Training normally takes place in enterprise data centres or in the cloud where many high-powered servers, plenty of memory, hardware accelerators, and high-speed networking can be thrown at the workload. In this environment, tremendous amounts of electrical power for computing, networking, and cooling are used for training with the aim of finishing quickly. Inference workloads can also be performed in a data centre or the cloud, but increasingly, inference tasks are migrating to the edge, for several reasons.

First, there’s the issue of latency. It takes time to ship raw data back to the cloud or data centre. It takes more time to perform the inference, and it takes yet more time to ship the desired answer or decision back to the edge. For some real-time tasks – including factory automation, radar, and electronic warfare – decisions that take too long can be costly.

Two more reasons that inference workloads are migrating to the edge involve power: computing power and electrical power. As AI/ML inference workloads migrate to large numbers of edge devices, the aggregate computing power of millions of inference engines in those edge devices exceeds the computing power of a data centre’s servers. In addition, edge inference engines don’t consume large amounts of power.

Many interesting chips with new computing architectures have been announced recently to handle the unique needs of edge inference. Makers highlight big teraFLOPS and teraOPS (TFLOPS and TOPs) computing numbers that their devices can attain, with less power consumption. While it’s true that inference workloads require plenty of TFLOPS and TOPS, these specialised edge inference chips represent a one-way architectural street, which may prove to be an undesirable route when considering combined training and inference workloads.
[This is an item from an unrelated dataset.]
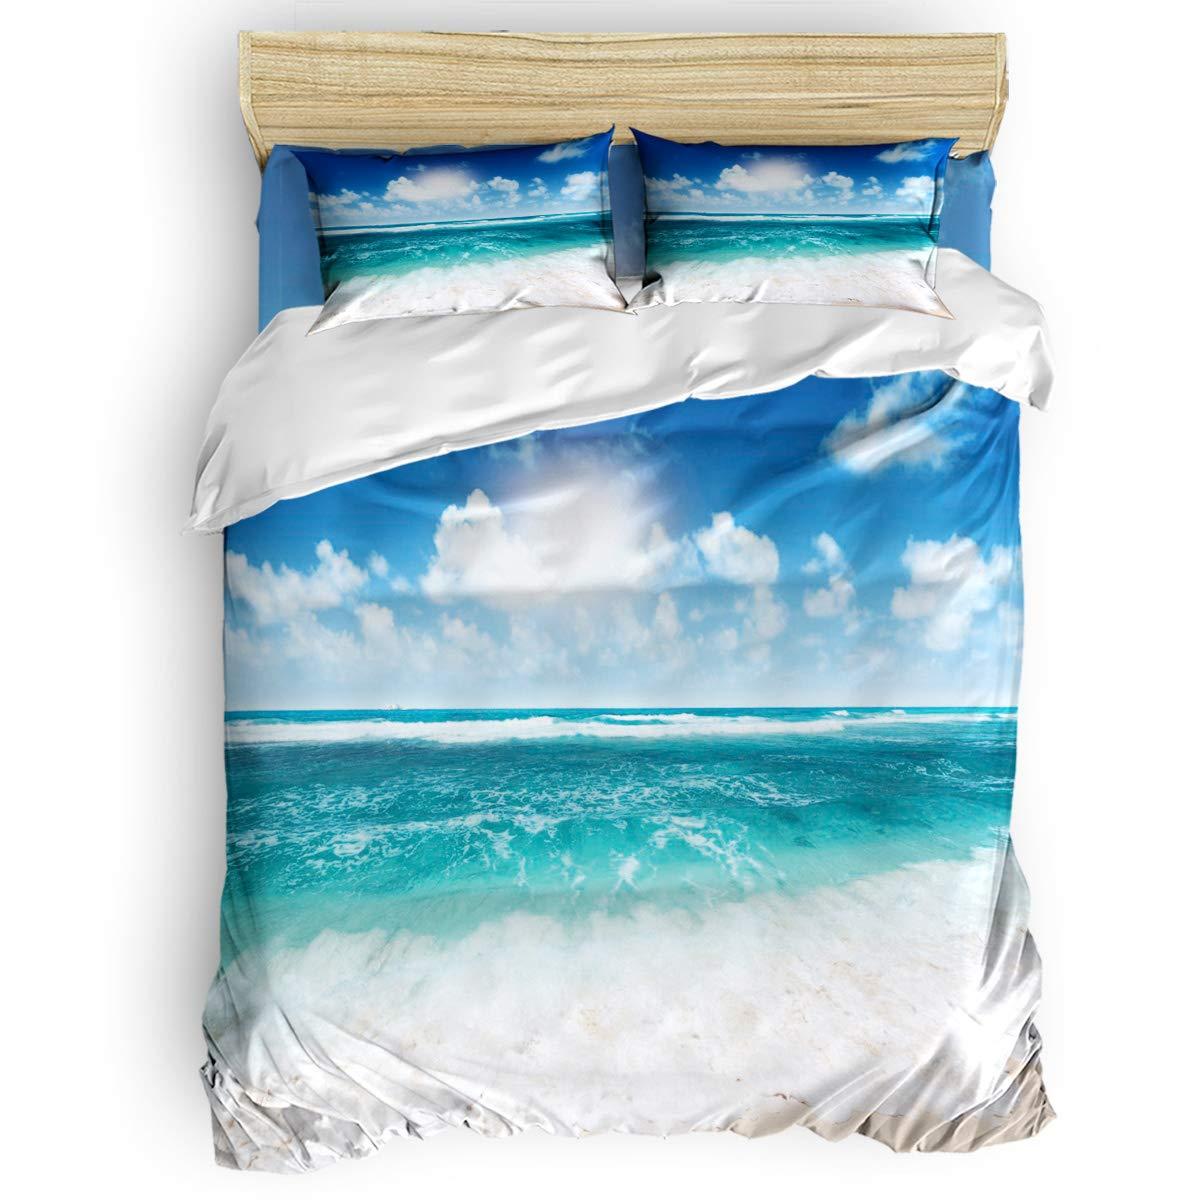 掛け布団カバー 4点セット ウィンドウビュー 熱帯の風景 ビーチとヤシの木 寝具カバーセット ベッド用 べッドシーツ 枕カバー 洋式 和式兼用 布団カバー 肌に優しい 羽毛布団セット 100%ポリエステル クイーン B07TF8Z91P Beach5LAS5674 クイーン

Today, AI/ML model training workloads largely run-on high-powered CPUs and GPUs in data centres where they draw large amounts of power and leverage advanced cooling to perform the many trillions of calculations needed to train AI/ML models. Such training almost universally employs floating-point data formats with high dynamic range to maximise model accuracy by allowing tiny incremental adjustment to model weights. Floating-point computations consume more power and therefore require additional cooling. In addition, CPUs and GPUs expend considerable amounts of power to move large training data sets between memory and their internal computing elements.

Most edge inference chips cannot afford the silicon or the power consumption to perform all calculations using full-precision, floating-point data formats. Many make compromises to attain high peak TFLOPS and TOPS metrics, often by employing data types with less precision to represent AI/ML weights, activations, and data. Vendors of edge AI/ML chips provide software tools to reduce the precision of the trained model weights, converting models to smaller number formats such as FP8, scaled integers, or even binary data formats. Each of these smaller data formats deliver advantages for edge inference workloads, but all these formats lose some amount of model accuracy. Retraining AI/ML models with reduced precision can often reclaim some of that accuracy.

Now imagine that you have a scalable device architecture that can be deployed in small, embedded edge devices and in larger devices capable of aggregating workloads running in the data centre. Those same optimisations that improve power consumption and cost efficiency at the edge also make compute in the data centre denser and more cost-efficient, which lowers the facility’s capital and operating expenses for both inference and training.

AI/ML accelerator scalable architectures that support both full- and reduced-precision floating point formats break down the artificial boundary between training and inference and enable the deployment of the same standard and familiar software tools for a unified architecture. These efficient edge AI accelerators employ architectural innovations such as dataflow and on-chip broadcast networks that permit data fetched from external memory to be reused many times once brought on-chip.

There are real application examples where the existence of a unified scalable dataflow architecture for machine learning breaks down the wall between distinctive phases of training and inference. Federated learning is one such example, which unlocks new types of AI/ML workloads. For many connected applications, federated learning can supplant the one-way street approach of reduced-precision AI/ML inference models derived through one-time offline training and unlock performance that might be difficult to achieve because the representative centralised offline training sets are unavailable.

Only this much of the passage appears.